Jaejoong shoots him a surprised look. “He did?”
“On the week-end.”
Jaejoong shakes his head. “He didn’t need to.”
“Yes, he did.”
That falls out of Yoochun’s mouth without permission, in spite of his decision not to take sides. Workplace politics are a delicate affair and Yoochun gets on by staying the hell out of everything and letting Junsu handle what needs to be handled.
Jaejoong laughs, a surprisingly loud burst of sound, eyes smiling at Yoochun in the first open expression he has worn since they met.
Strongly relieved, strangely pleased, and baffled at feeling either, Yoochun jerks his head towards the parking lot behind.
“Go on, then. You look– “ dead on your feet. What he says though is, “–like shit.”
“Gee, thanks,” Jaejoong makes a face. “Just what one likes to hear.”
“A people’s person, that’s me,” Yoochun tells him straight-faced, and is rewarded by another one of those laughs that seem to start in Jaejoong’s belly.
“I want my tray back.”
“Are you okay to drive home?” The more Yoochun thinks about it, the more of a problem it seems. He wasn’t kidding, Jaejoong looks as if the only thing still keeping him on his feet is sheer will-power.
“Yes, Dad.”
Yoochun schools his expression into one of nonchalance. “Sleep well.”
He spends the next hour half-dreading a call reporting some accident on a city highway.
*
“How’s Jaejoong doing?” Junsu asks, stopping him on his way into the department on a Monday shift.
“You can’t protect him from everything,” Yoochun grits out, stepping around him and consciously fighting not to clench his hands.
Junsu’s eyebrows rise. “Not trying to. Also not what I asked.”
He tilts his head to one side, pinning Yoochun with a watchful gaze. “Is there something I need to know?”
Yoochun flashes to the memory of Geun Suk in the locker room Saturday, regaling the shift with gossip about how Jaejoong failed the department psych evaluation at twenty-one.
“So his dad is like, a big-shot, decorated county Fire Marshal, right?” Guen Suk snickers, tone filled with relish, soaking up all the avid attention as he sips on coffee. “Old man is so mad about it, he sends him off to the Army to do time, then when he gets back, actually makes him re-do Academy! That’s why he’s still First Class in spite of being our age.”
“How do you know this?” Siwon asks suspiciously.
“Sources,” Geun Suk sniffs. “Alright, alright, Christ.” He tosses the empty paper cup into the trash, expression turning sour as the room fills with boos and jeers. “A buddy of mine in the next district was at the academy the same time Jaejoong went back and he was banging the secretary-“
“He was not-!“
At least two members of the audience get to their feet, scoffing at such a tall tale and Guen Suk throws his hands in the air. “So he probably broke into the office some night with friends and looked at files! Who the fuck cares?! The point is, I told you Jaejoong had a story and I was right!”

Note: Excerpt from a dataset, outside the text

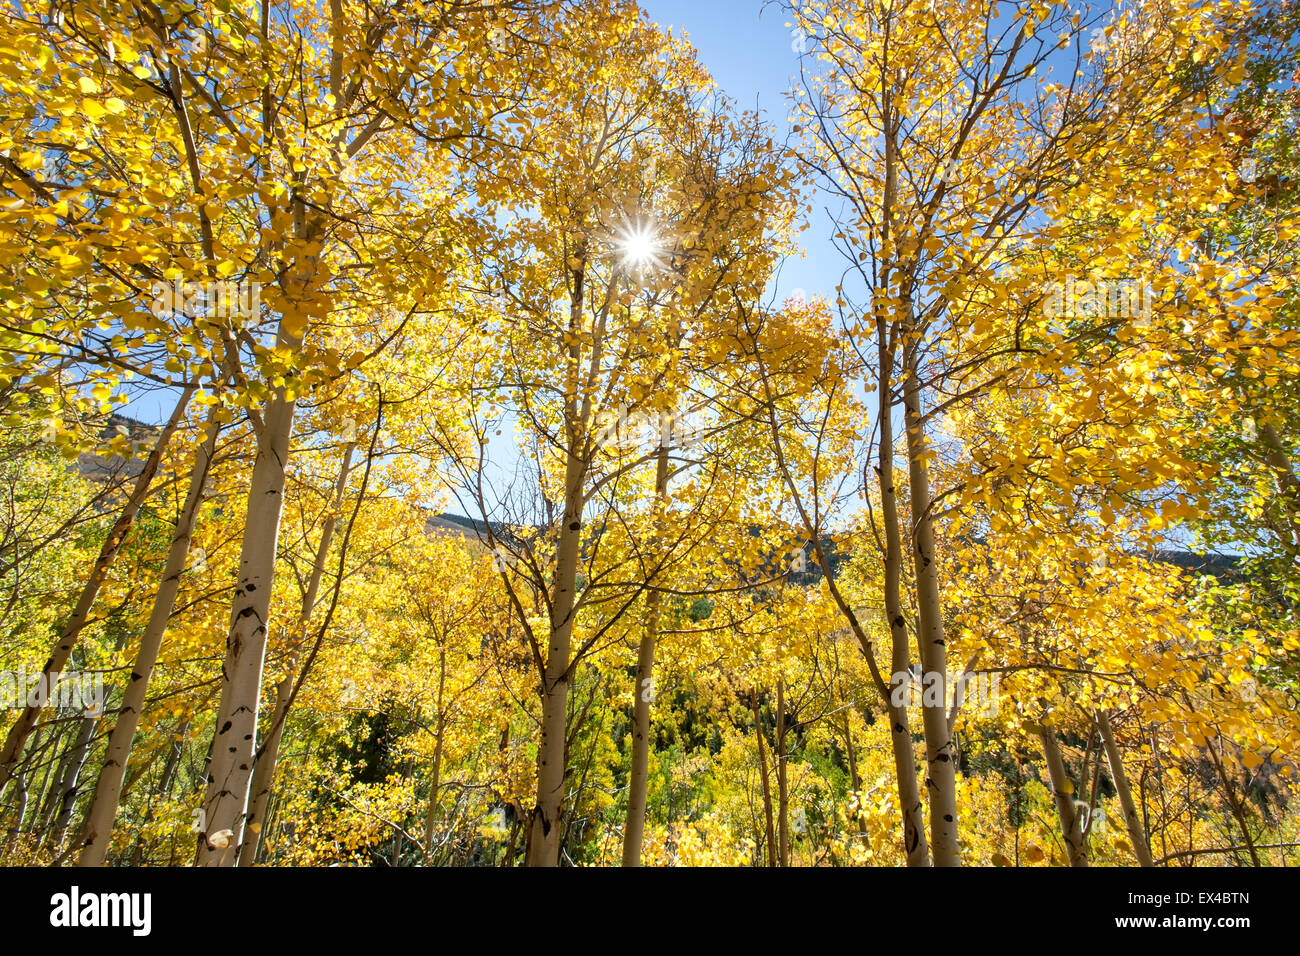 Par Sunburst trembles en couleurs d'automne, le tremble Vista Trail, Santa Fe National Forest, Nouveau Mexique USA Banque D'Images

“His dad sounds brutal,” Jiyong says with a grimace.
“A decorated Marshal’s son failing the psych eval, come on. Is it any surprise he’s embarrassed by his son?”
Standing out of sight in the corridor, every word reaching him clearly, Yoochun is conscious of a building rage.
“Probably less embarrassed than if his son was an incurable gossip,” he says coldly, entering the room and aiming a hard look at the assembled men.
Guen Suk raises his hands in the air, as if backing off, and the others get to their feet hastily, shuffling away in embarrassed silence and avoiding eye-contact.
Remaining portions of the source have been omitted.